Well, that ended. Now I'm separated with two kids. My game plan is to EVENTUALLY get a motorcycle. I don't think I'm in "mid life" anymore. I just like high performance machines and a bike is a lot more fuel efficient than a car. Plus, owning a motorcycle enables you to get into a social group and hobby. Bikers are very social people and as my kids get older and leave I want to have something to keep me occupied. I've always been very "hobby oriented". It has nothing to do with mid life or crisis or anything. 

I do a lot of stuff...kayaking, camping, hiking, skiing, snowshoeing, computer games..I just like to DO stuff. I think that's unusual for a lot of women.


----------



## Crankshaw (Jan 12, 2011)

errr, 52 here, I don't have a boat (don't want one) don't have a bike (motor or peddle - don't want one) drive a 1991 Subaru wagon (don't want a new car) not chasing a younger woman (W is 38) So I guess my mental breakdown/meltdown just replaced the midlife crisis :scratchhead:

Mind you, I have started to take better care of myself, but I see that as being part of seeing that it is time to look out for me rather than putting myself / my health second after everyone else.

Started walking a few mile every day a 3 or so months ago, just started doing weights to get some muscle tone back, most likely join a gym sometime soonish, midlife crisis, na.


----------



## Atholk (Jul 25, 2009)

The husband's mid-life crisis has more to do with the age of his wife reaching the end of her fertile years than anything about him. The male "mid-life crisis" is typically about unconsciously trying to find a younger partner to have additional children with.


----------



## Therealbrighteyes (Feb 11, 2010)

Atholk said:


> The husband's mid-life crisis has more to do with the age of his wife reaching the end of her fertile years than anything about him. The male "mid-life crisis" is typically about unconsciously trying to find a younger partner to have additional children with.


That's what I have heard also. So in essence, it is inevitable?


----------



## Conrad (Aug 6, 2010)

Brennan said:


> That's what I have heard also. So in essence, it is inevitable?


AFEH's book recommendation, "Seasons of a Man's Life" speaks to several normal "transition" periods in adulthood.

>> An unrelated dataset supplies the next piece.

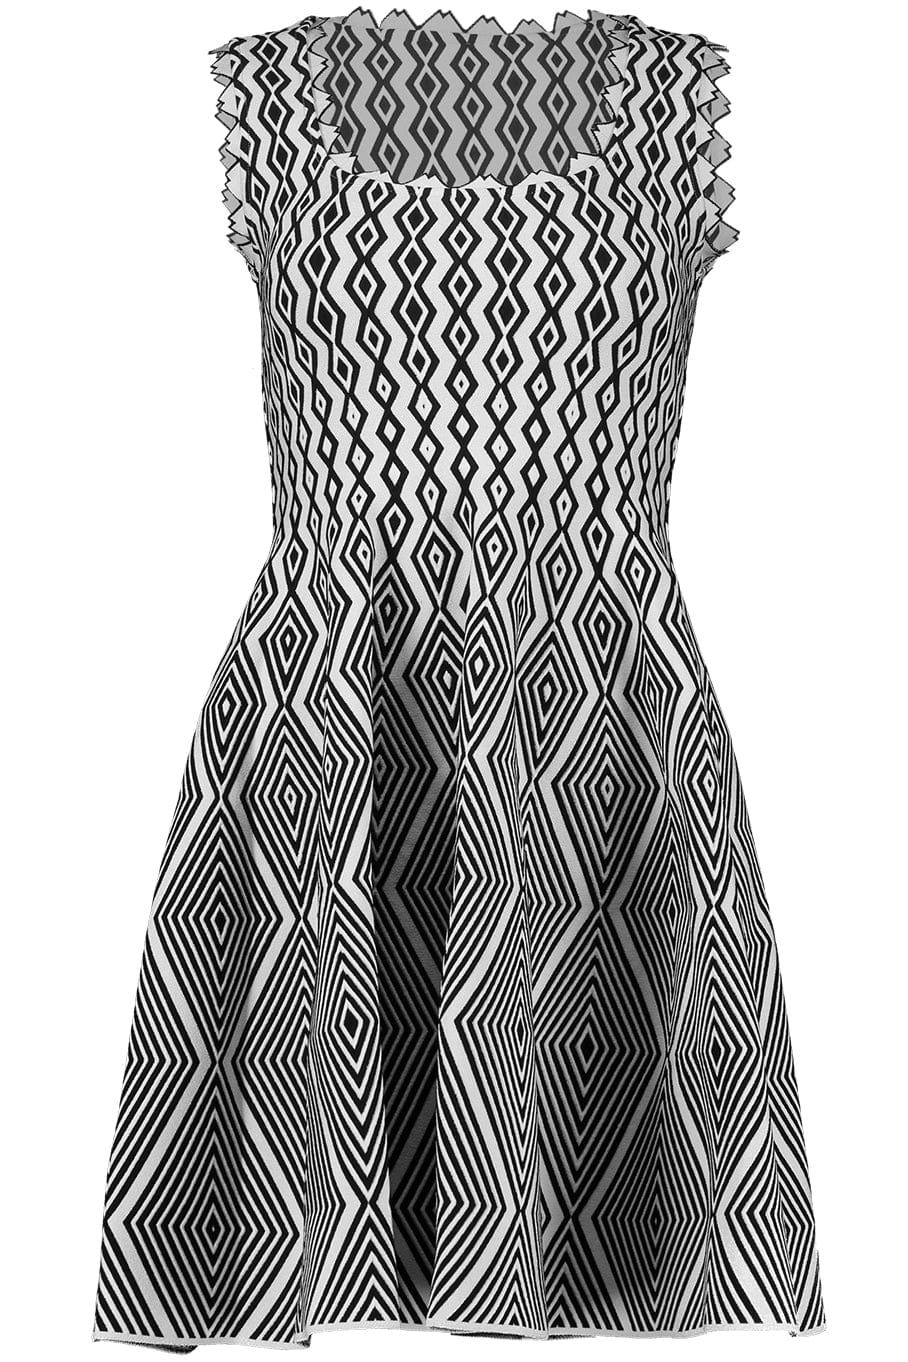 Armonia Mini Dress CLOTHINGDRESSCASUAL ANTONINO VALENTI

The first is adolescent to young adult. Nobody calls that a "crisis", but it most assuredly is


----------



## Runs like Dog (Feb 25, 2011)

I've never had one. I've never felt the need to relive high school. I can't really imagine that trying to impress some sweet young thing would be anything more than pathetic and sad. And those weekender on their Harleys are just funny as all get up to watch "Bad Mo Fo Biker by weekend, 50 year old software project manager by week!" On a $22,000 bike that's so loud you can hear them 3 blocks away.


----------



## bobby5 (Mar 21, 2011)

Im one of the mid lifers. 42 now. late thirties I started reliving my youth (not affairs, just gaining new interests, doing what i wanted and getting annoyed if told i was past that and had responsibilities.) A few years on and I have paid a very high price for it. Seperated, living alone, very little disposable income after maintenance, beautiful but quite imperfect relationship with my boys and basically this is it. So if ur a man going through a midlife crisis, make it quick and realise a lot of that stuff u never got around to doing was left undone cause u didnt want it then...maybe u dont need it now. ur life is with ur family. dont end up looking back. its aweful.


----------



## Sparkles422 (Jun 3, 2011)

My H must be having a midlife crisis. After an ED episode, he bought a motorcycle (few days later), dyed moustache, got biker wardrobe complete with red bandana with skull and cross bones, grew moustache to fumanchu length, goes on bike camping trips (2 wks at a clip) for the last 3 months and had a bike accident at 15 mph. But he is 64 yrs old WTF? Is that possible? And yes I don't know who this person is, it's bizarre. And now we are headed toward a divorce. I am 10 yrs younger. But I definitely think he was trying to pick up younger women but he had lost so much weight with this feverish grasping at youth that his brilliant silver bullet studded belt (of course with accompanying silver skulls) was dragging his new bike pants below his hips with its' weight. Alien for sure and I am not liking this substitute.


----------



## AFEH (May 18, 2010)

Sparkles422 said:


> My H must be having a midlife crisis. After an ED episode, he bought a motorcycle (few days later), dyed moustache, got biker wardrobe complete with red bandana with skull and cross bones, grew moustache to fumanchu length, goes on bike camping trips (2 wks at a clip) for the last 3 months and had a bike accident at 15 mph. But he is 64 yrs old WTF? Is that possible? And yes I don't know who this person is, it's bizarre. And now we are headed toward a divorce. I am 10 yrs younger. But I definitely think he was trying to pick up younger women but he had lost so much weight with this feverish grasping at youth that his brilliant silver bullet studded belt (of course with accompanying silver skulls) was dragging his new bike pants below his hips with its' weight. Alien for sure and I am not liking this substitute.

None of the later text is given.